July 15: Education News We're Reading This Week


July 15, 2016 – Here’s our weekly roundup of education news you may have missed. K-12 experts call on schools to improve their communications with minority families regarding programs for high-achieving students. College cost and the complexity of the admissions process can deter many students, but a few groups offer new solutions.


Elementary & Secondary Education:

  • Access to more rigorous coursework and helping parents understand the college application process are two strategies recommended in The Hechinger Report for helping Hispanic students and their families narrow the achievement gap.

  • The Washington Post discusses the underrepresentation of minority students in gifted programs offered by Montgomery County Public Schools in Maryland. Without sacrificing standards or expectations, improved outreach and recruitment could help the “many minority, low-income or non-English-speaking families [who] lacked information or were confused or intimidated by the application process.”


Higher Education:

  • School districts may track graduation and college admission rates, but now only a few metropolitan districts have begun looking at their graduates’ summer melt, two-year retention, and completion. U.S. News & World Report describes how the District of Columbia Public Schools has become a leader in data collection, which it uses to advise current students and their families on college choice.

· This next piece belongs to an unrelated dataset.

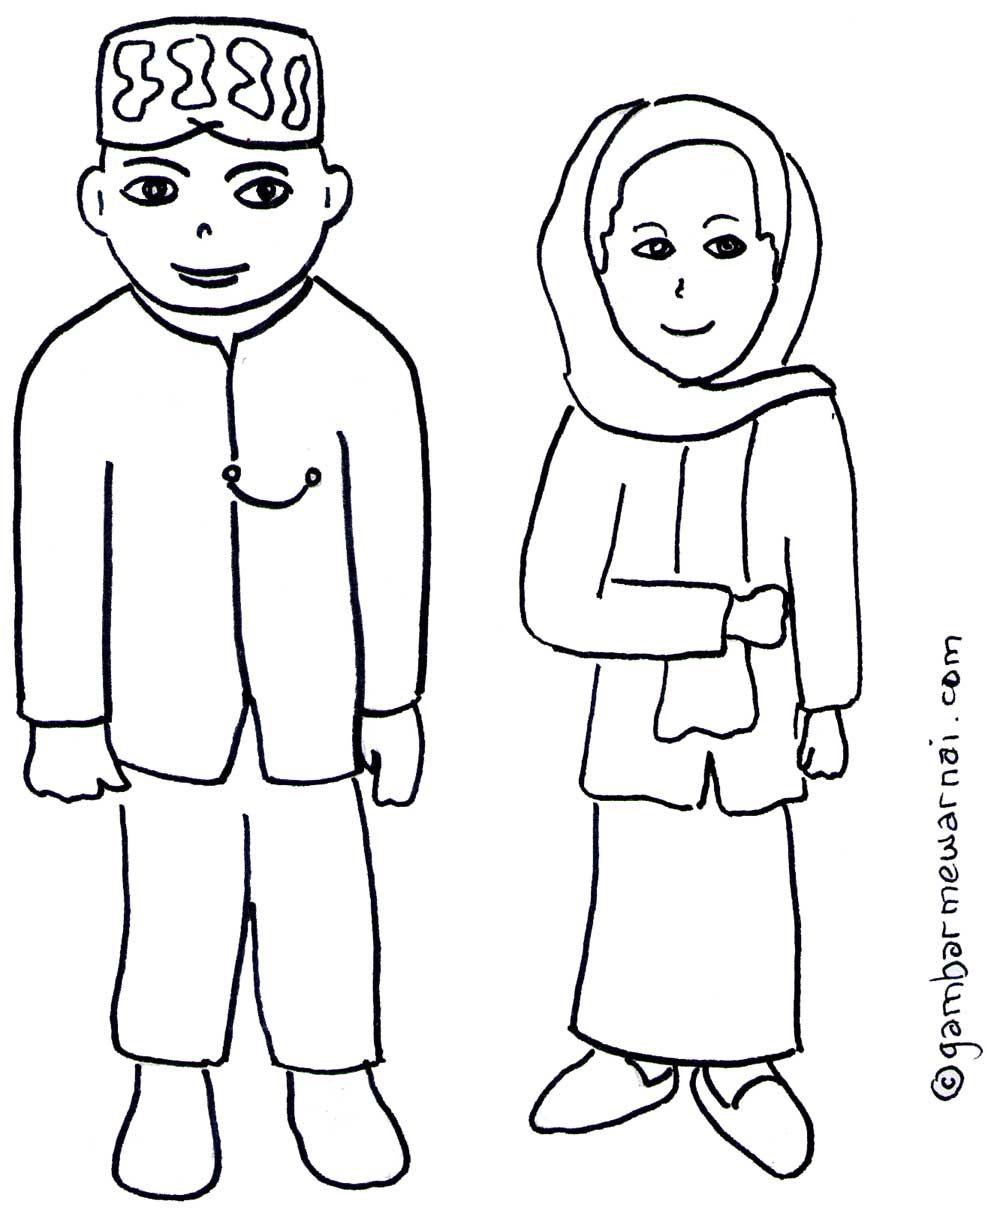 Mewarnai Pakaian Adat : mewarnai, pakaian, Gambar, Mewarnai, Pakaian, Betawi, Kartun,, Gambar,, Kartun
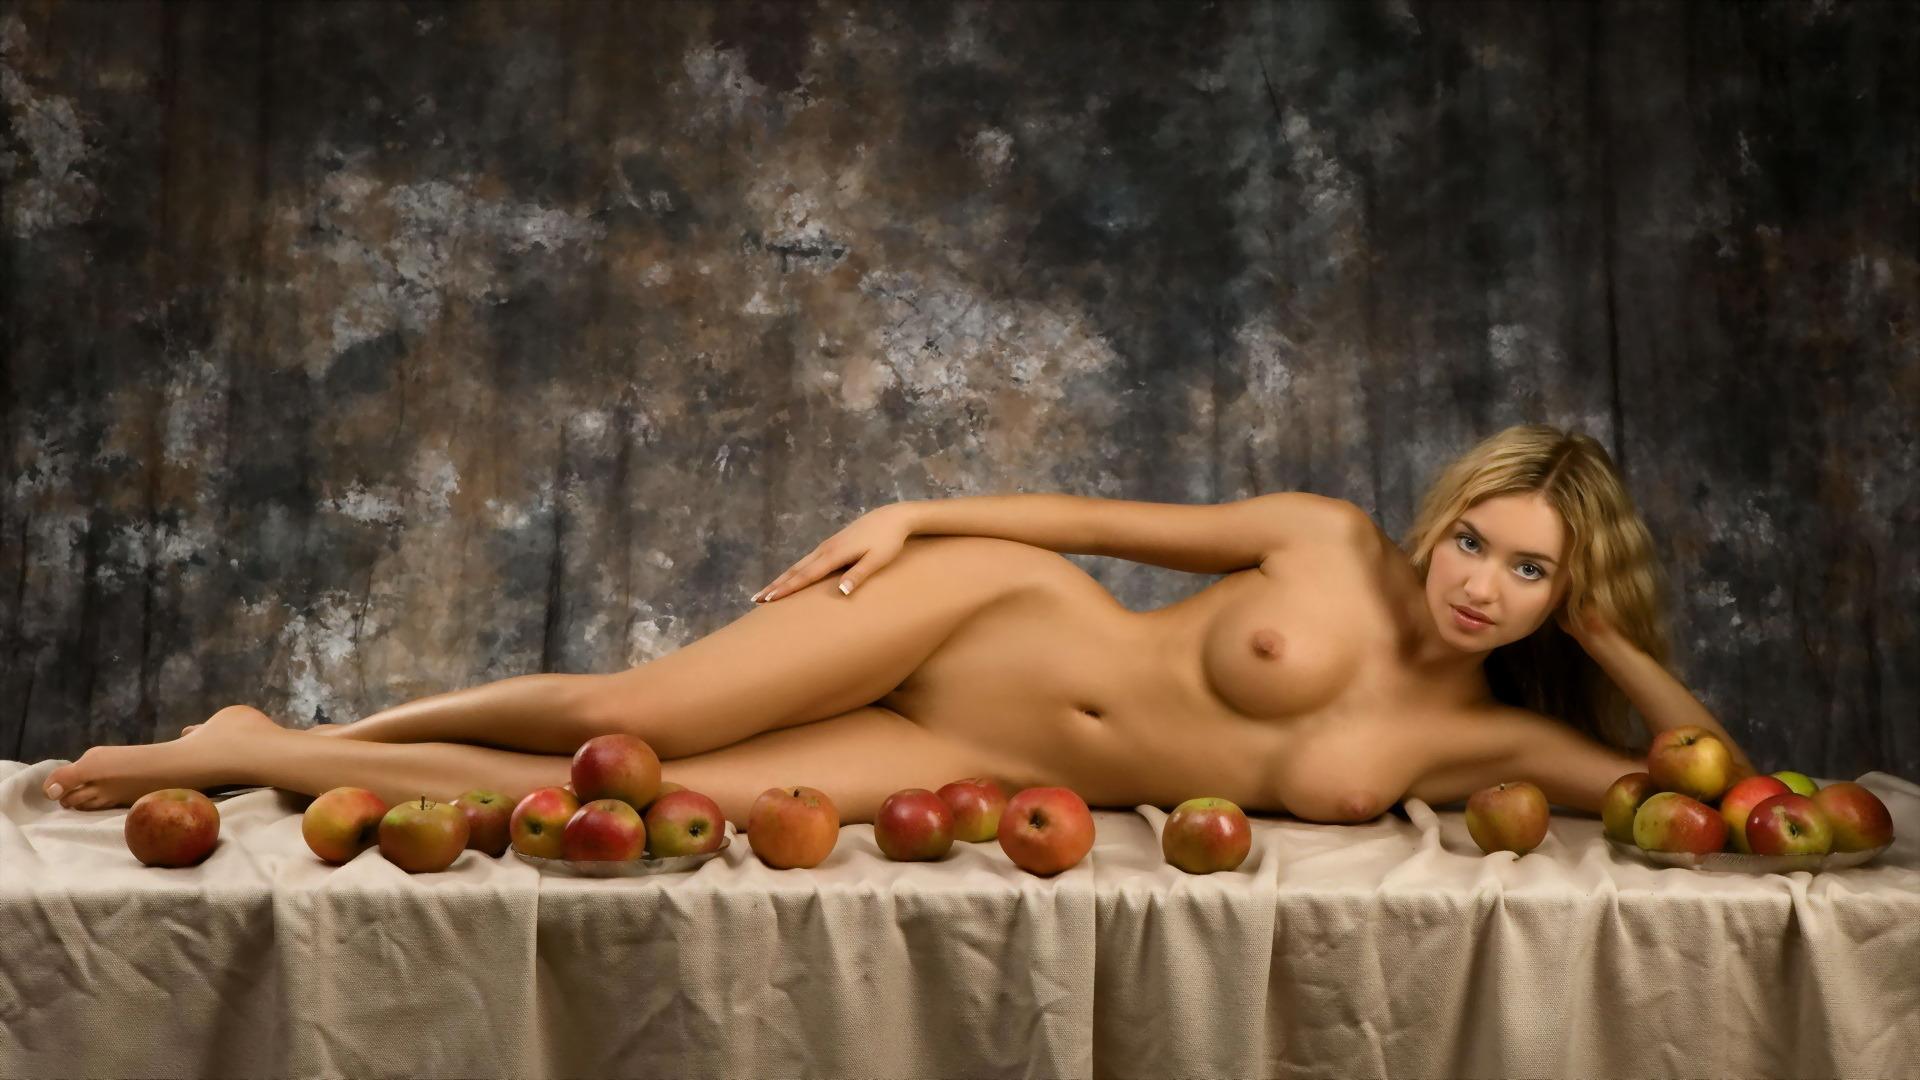 Эротика секси картинки девушки 17 фотография

  • Another solution for summer melt is known as “nudging.” Nonprofit Quarterly describes how Ben Castleman, a Cooke Scholar and assistant professor of education and public policy at the University of Virginia, “focuses his research on using text messages to simplify information and help students make decisions.”

  • “College costs are out of control,” reads a headline from CNBC. Several education experts weigh in on the contributing factors, such as state disinvestment in public institutions, and the article notes that “lowest-income students are the hardest hit.”

  • “Only about 9 percent of those from the lowest quartile of wealth complete college degrees, whereas about three-quarters from the top quartile do,” says Inside Higher Ed in coverage of college and class divisions.

  • A new report from Demos on the “Rule of 10” is summarized in Diverse: Issues in Higher Education. The report envisions a system “in which the net cost of college should equate 10 percent of a family’s discretionary income over 10 years, coupled with 10 hours of work per year throughout the duration of a student’s time in college.”


Cooke Foundation Highlights:

  • GoodCall summarizes our recent issue brief that provides colleges with strategies to better recruit talented, low-income students.

  • Cooke Scholar Jossalyn Jensen received a 2010 Cooke Young Artist Award and went on to complete her master’s program at the Juilliard School with a Graduate Arts Scholarship. Now, reports the Deseret News, Jossalyn is off to attend the Conservatoire de Paris on a Fulbright scholarship.

  • The Berkshire Eagle highlights Cooke Young Scholar Johannes Nightingale’s recent hands-on experiments at Berkshire Community College’s Summer STEM Academy.